Velocity Reviews > Newsgroups > Programming > C Programming > Typecast clarification

Reply
Thread Tools

Typecast clarification

 
 
syuga2012@gmail.com
Guest
Posts: n/a
 
      02-12-2009
Hi Folks,

To determine if a machine is little endian / big endian the foll. code
snippet is used...

int num = 1;

if( * (char *)&num == 1)
printf ("\n Little Endian");

else
printf("\n Big endian");

I needed a few clarifications regarding this.

1. Can we use void * instead of char * ?
2. When do we use void * and when char * ?
3. Does the above typecast convert an integer to a char (1 byte) in
memory?
For e.g if I used a variable ch, to store the result of the above
typecast

4. In general, when can we safely do typecasts ? Are such code
portable ?

Thanks a lot for your help. Appreciate it.

syuga
 
Reply With Quote
 
 
 
 
WANG Cong
Guest
Posts: n/a
 
      02-12-2009
http://www.velocityreviews.com/forums/(E-Mail Removed) wrote:

> Hi Folks,
>
> To determine if a machine is little endian / big endian the foll. code
> snippet is used...
>
> int num = 1;
>
> if( * (char *)&num == 1)
> printf ("\n Little Endian");
>
> else
> printf("\n Big endian");
>
> I needed a few clarifications regarding this.
>
> 1. Can we use void * instead of char * ?


Here? No, you can not dereference a void* pointer.

> 2. When do we use void * and when char * ?


void* is used generally, for example, malloc(), it can help
you to pass pointers without castings.

Here, in your case, using char * is because it only wants to
fetch one byte from a 4-byte int.

> 3. Does the above typecast convert an integer to a char (1 byte) in
> memory?
> For e.g if I used a variable ch, to store the result of the above
> typecast


No, it casts an int pointer to char pointer.

>
> 4. In general, when can we safely do typecasts ? Are such code
> portable ?


When you understand what you are doing.


 
Reply With Quote
 
 
 
 
nick_keighley_nospam@hotmail.com
Guest
Posts: n/a
 
      02-12-2009
Subject: "Typecast clarification"

technically, what you are doing is "casting" not "typecasting"
[prepare for flamewar]


On 12 Feb, 09:49, "(E-Mail Removed)" <(E-Mail Removed)> wrote:
> Hi Folks,
>
> To determine if a machine is little endian / big endian the foll. code
> snippet is used...
>
> int num = 1;
>
> if( * (char *)&num == 1)
> * printf ("\n Little Endian");
> else
> * printf("\n Big endian");


that takes the address of num, casts it to a pointer to char
(unsigned char might be slightly safer), then dereferences
it to give a char. If it's little endian the number will
be stored (assuming 8bit chars and 32 bit ints)

lo hi
01 00 00 00

lo hi
00 00 00 01

so the code will do what you expect. Note there
are more than 2 ways to order 4 objects...
(and some of them *have* been used)

> I needed a few clarifications regarding this.
>
> 1. Can we use void * instead of char * ?


no.
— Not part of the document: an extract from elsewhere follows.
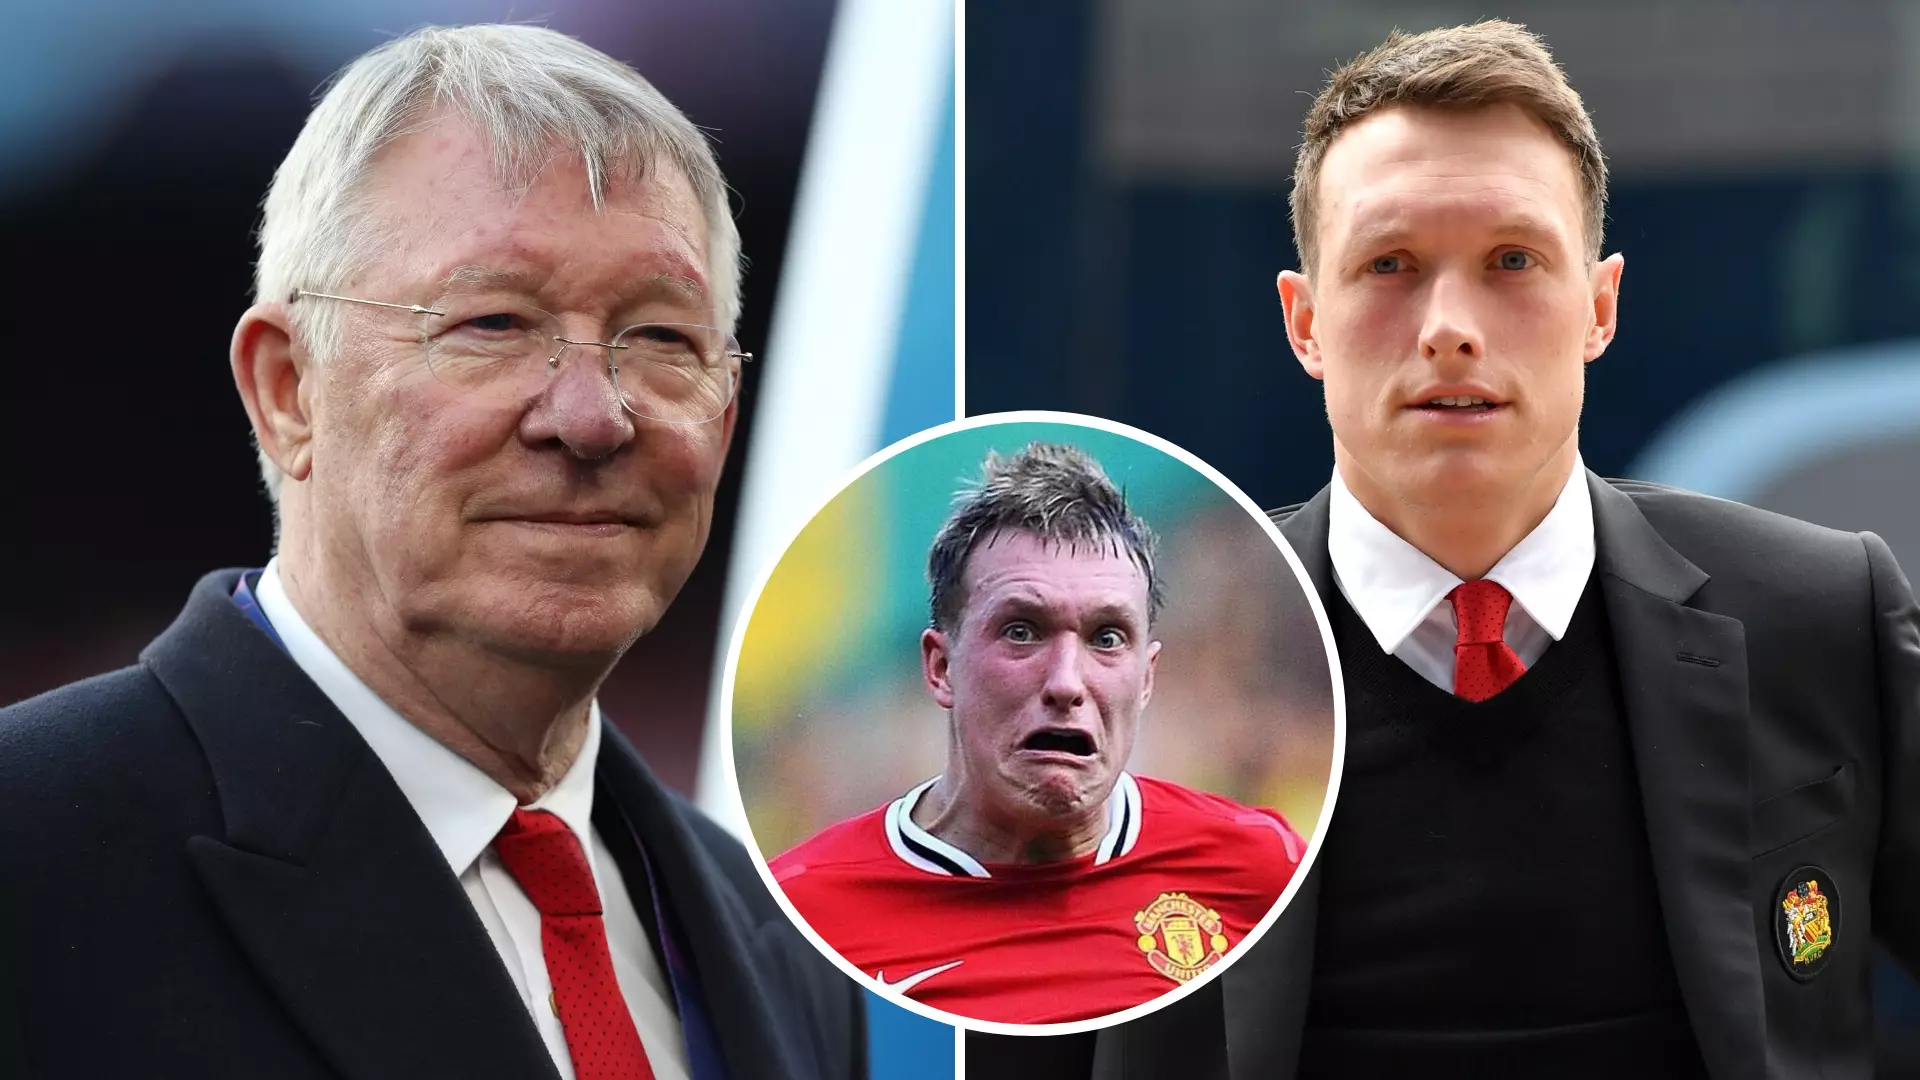 Sir Alex Ferguson Claimed Phil Jones Could Become Manchester United's ‘Best Ever Player’

You cannot dereference a (void*)
(some compilers allow this but they are not compliant with the
standard)

> 2. When do we use void * and when char * ?


(void*) for anonymous or unknown type. (char*) for
pointer to characters (eg strings). (unsigned char*)
for getting at the representation. It is safe to cast
any data to unsigned char.

> 3. Does the above typecast convert an integer to a char (1 byte) in
> memory?


it doesn't actually modifythe value in memory, but
only how the program looks at it.

> * * For e.g if I used a variable ch, to store the result of the above
> typecast


sorry, lost me. Could you post code?


> 4. In general, when can we safely do typecasts ?


when necessary There's no short answer to this one.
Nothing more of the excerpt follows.